*** MATERIAL PROVIDED Section Begins ***

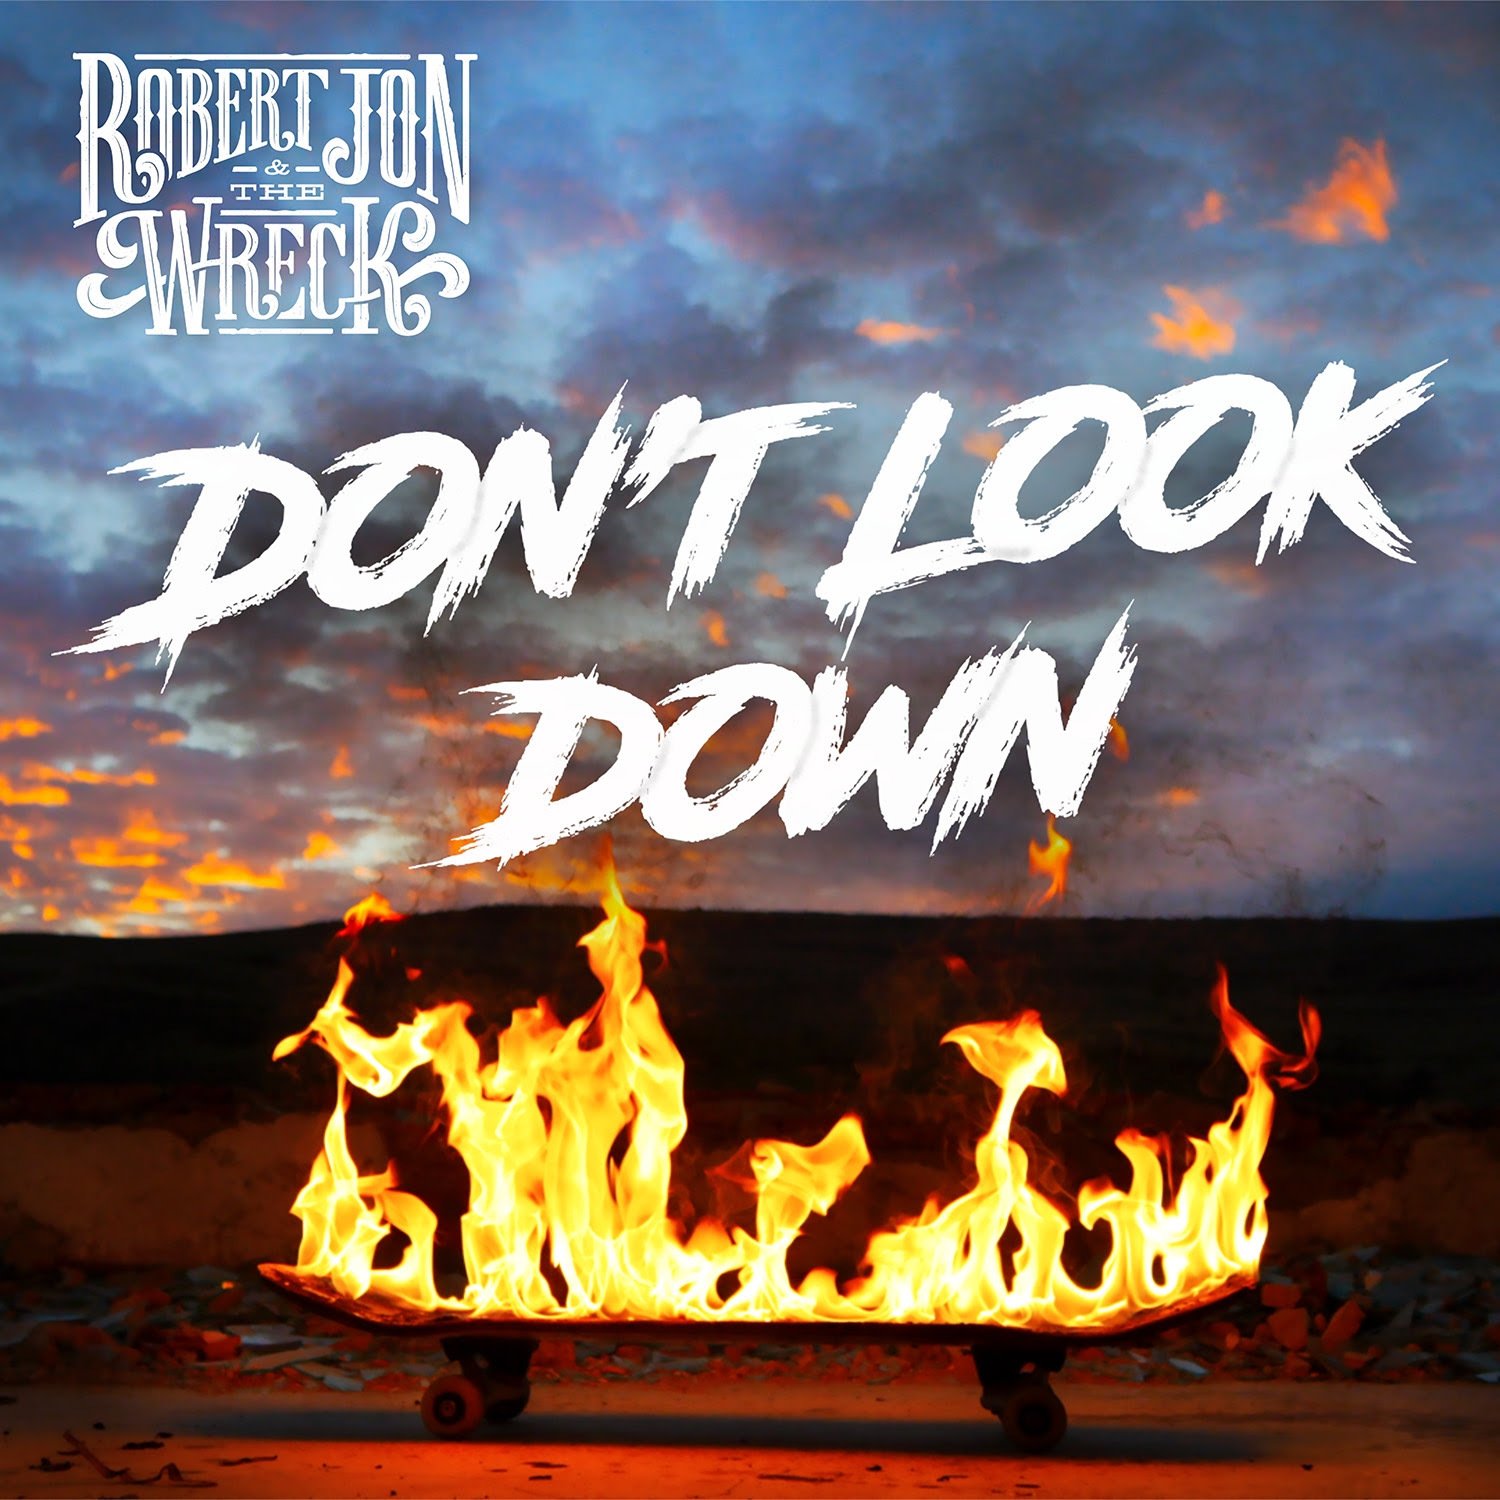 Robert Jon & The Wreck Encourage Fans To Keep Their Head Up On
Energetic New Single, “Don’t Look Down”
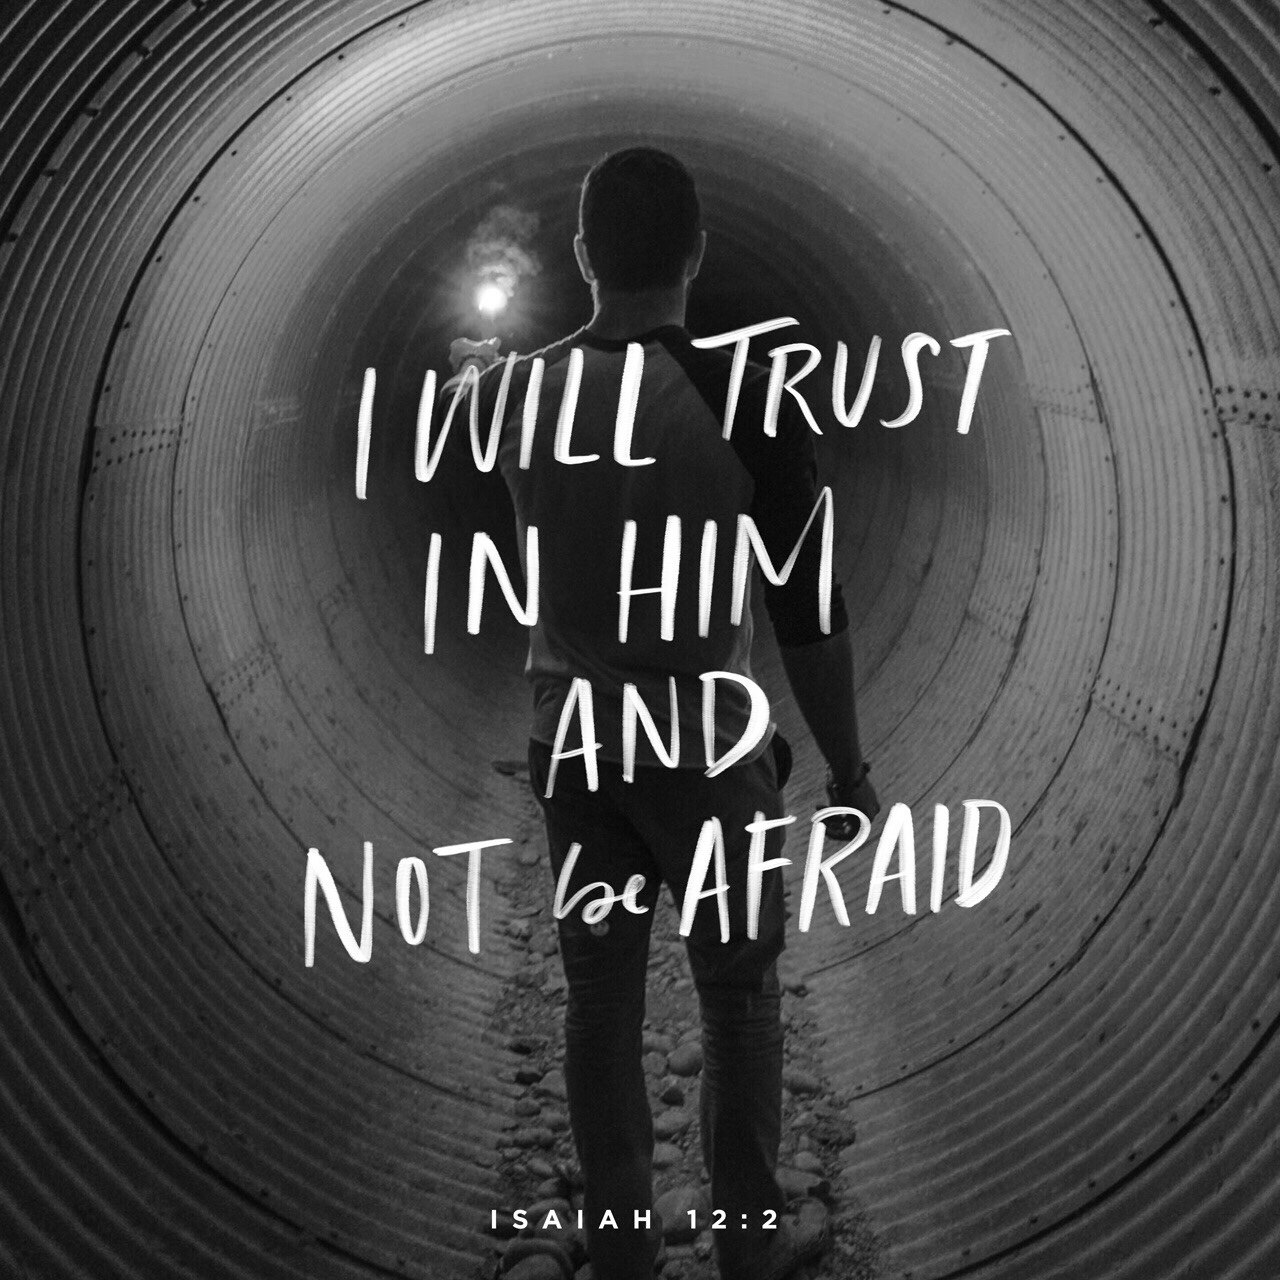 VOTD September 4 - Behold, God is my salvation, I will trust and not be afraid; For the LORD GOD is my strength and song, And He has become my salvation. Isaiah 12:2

*** MATERIAL PROVIDED Section Ends ***

## TASK GOAL
When you write out the material above, keep every line exact and drop each picture.

## RESULT OF THIS TASK
 Robert Jon & The Wreck Encourage Fans To Keep Their Head Up On
Energetic New Single, “Don’t Look Down”
 VOTD September 4 - Behold, God is my salvation, I will trust and not be afraid; For the LORD GOD is my strength and song, And He has become my salvation. Isaiah 12:2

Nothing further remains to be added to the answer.